Iraq plans a major fuel oil export expansion to strengthen state revenues. The government targets more than 1 million barrels per day in fuel oil exports. Officials aim for about 1.1 million barrels per day this year. This step supports broader economic reform efforts. Moreover, leaders want to increase non-oil income and control public spending.
Prime Minister Mohammed Shia al-Sudani chaired a cabinet session to push the plan forward. During the meeting, ministers discussed ways to diversify exports. They also reviewed measures to stabilize local markets. As a result, the cabinet endorsed new recommendations from the Ministerial Council for the Economy.
Under the new plan, Iraq will export at least 75 percent of fuel oil output from refineries. Authorities will also export refined petroleum products when surplus volumes allow. Therefore, the strategy focuses on maximizing external sales while maintaining domestic supply. This fuel oil export expansion marks a strategic shift in export management.
Iraq ranks among the region’s largest producers of high-sulfur fuel oil. Refining methods and local consumption patterns shape this output profile. Consequently, Iraq often generates significant volumes of heavy fuel oil. Now, officials want to direct more of this production toward international markets.

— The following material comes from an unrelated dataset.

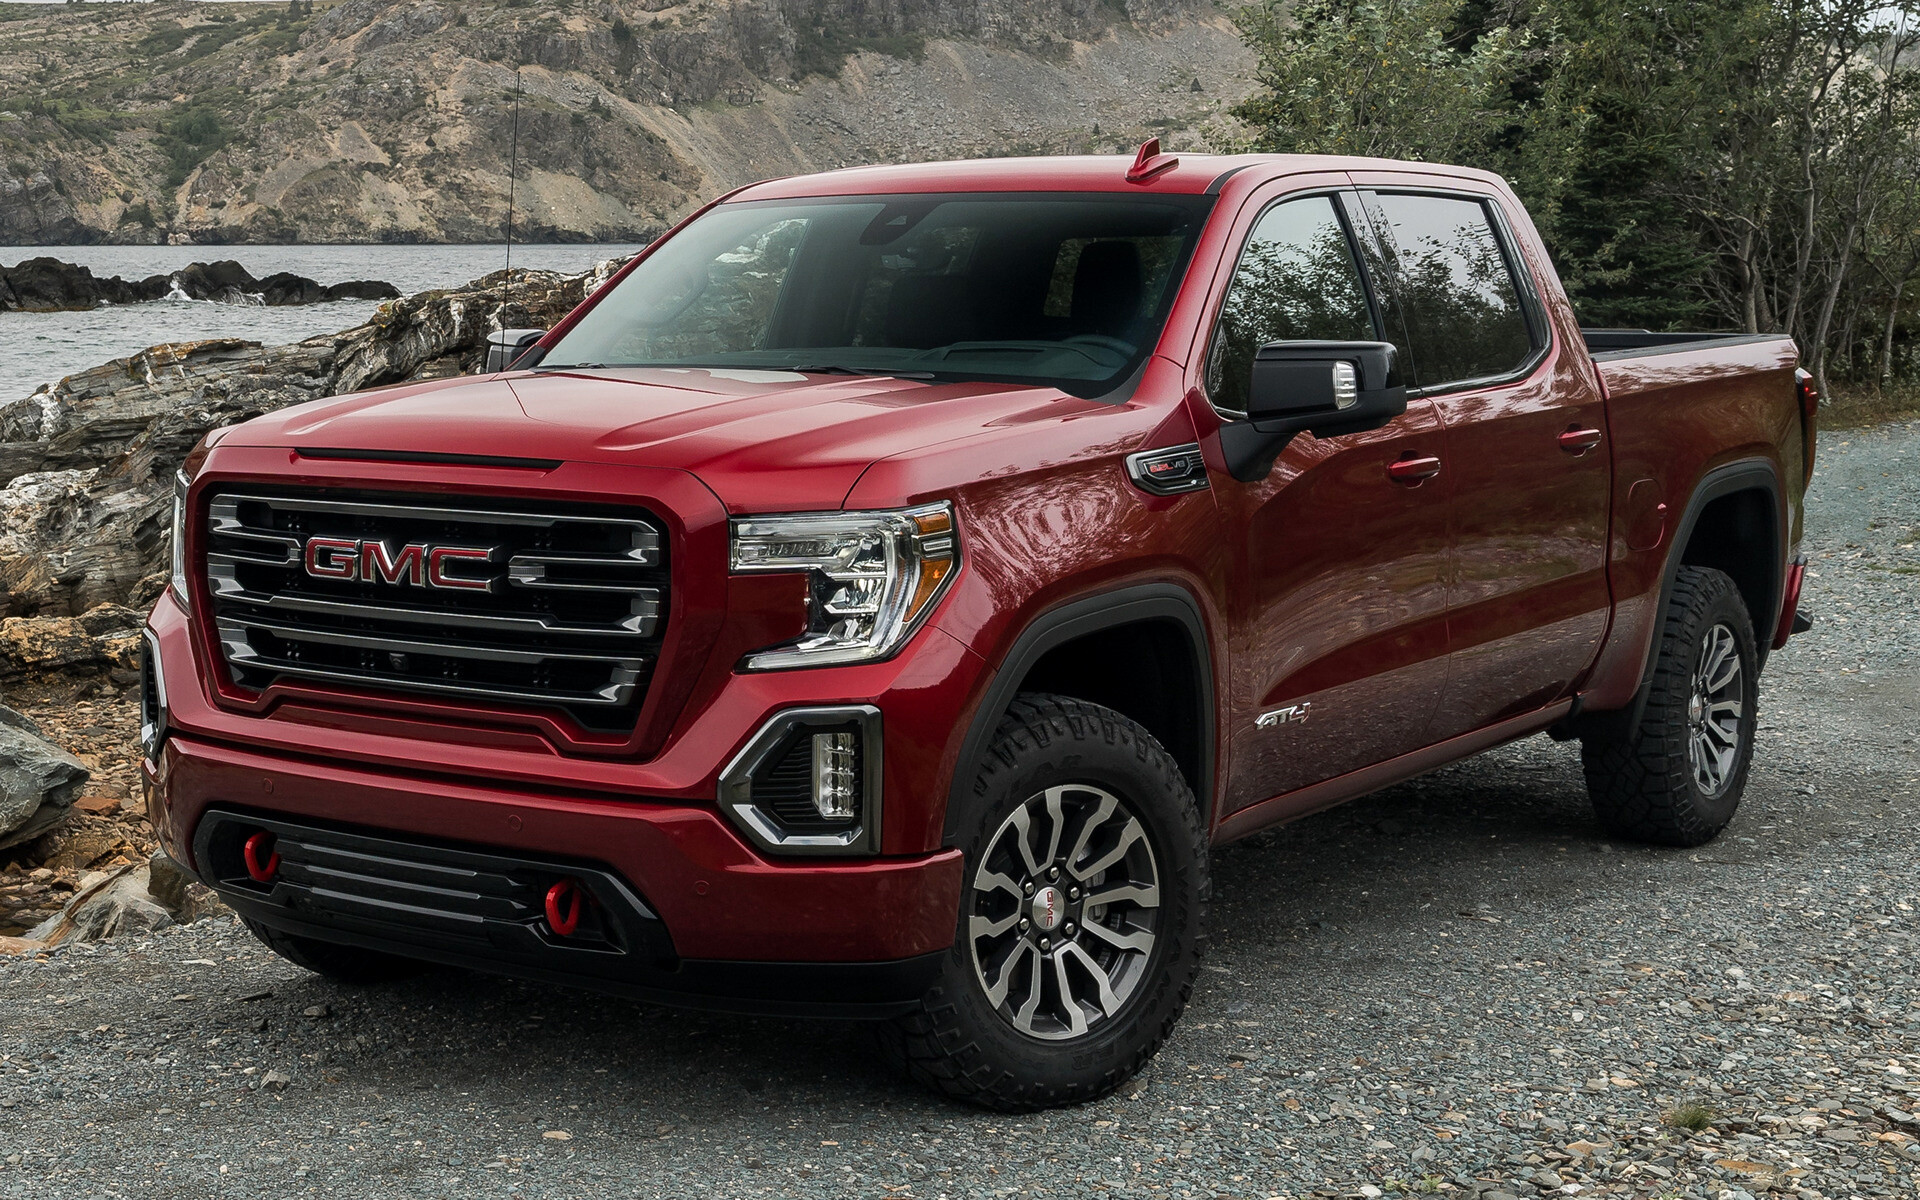 GMC Sierra: AT4 Crew Cab, Authentic off-road capability, 2-inch factory-installed suspension lift. 1920x1200 HD Background.

Fuel oil remains a heavy petroleum product with high sulfur content. Power plants and heavy industries often use it as fuel. Because of its density and composition, markets price it differently than lighter products. Nevertheless, global demand for heavy fuel oil continues in several regions. Therefore, Iraq sees an opportunity to boost trade revenues.
The government views this fuel oil export expansion as a financial lever. Higher exports can increase dollar inflows. In turn, stronger inflows can support budget stability. Furthermore, diversified petroleum product exports can reduce reliance on crude oil sales alone.
At the same time, officials stress the need to protect domestic energy supply. They plan export volumes based on production capacity and local demand. Thus, authorities aim to balance exports with internal consumption needs. This approach helps prevent supply gaps in local power generation.
In addition, Iraq continues to modernize its refining sector. New projects and upgrades improve processing capacity. These improvements allow refineries to handle larger volumes efficiently. As capacity grows, export potential also increases. Therefore, infrastructure development supports the fuel oil export expansion strategy.
Economic planners also connect this move to broader fiscal discipline. They seek stronger revenue streams without excessive borrowing. By increasing petroleum product exports, Iraq can widen its income base. Consequently, the state can manage expenditures more effectively.
Overall, Iraq prepares for a significant jump in fuel oil exports. The 1.1 million barrels per day target signals strong ambition. Through this fuel oil export expansion, Iraq aims to strengthen revenues, diversify exports, and support economic stability.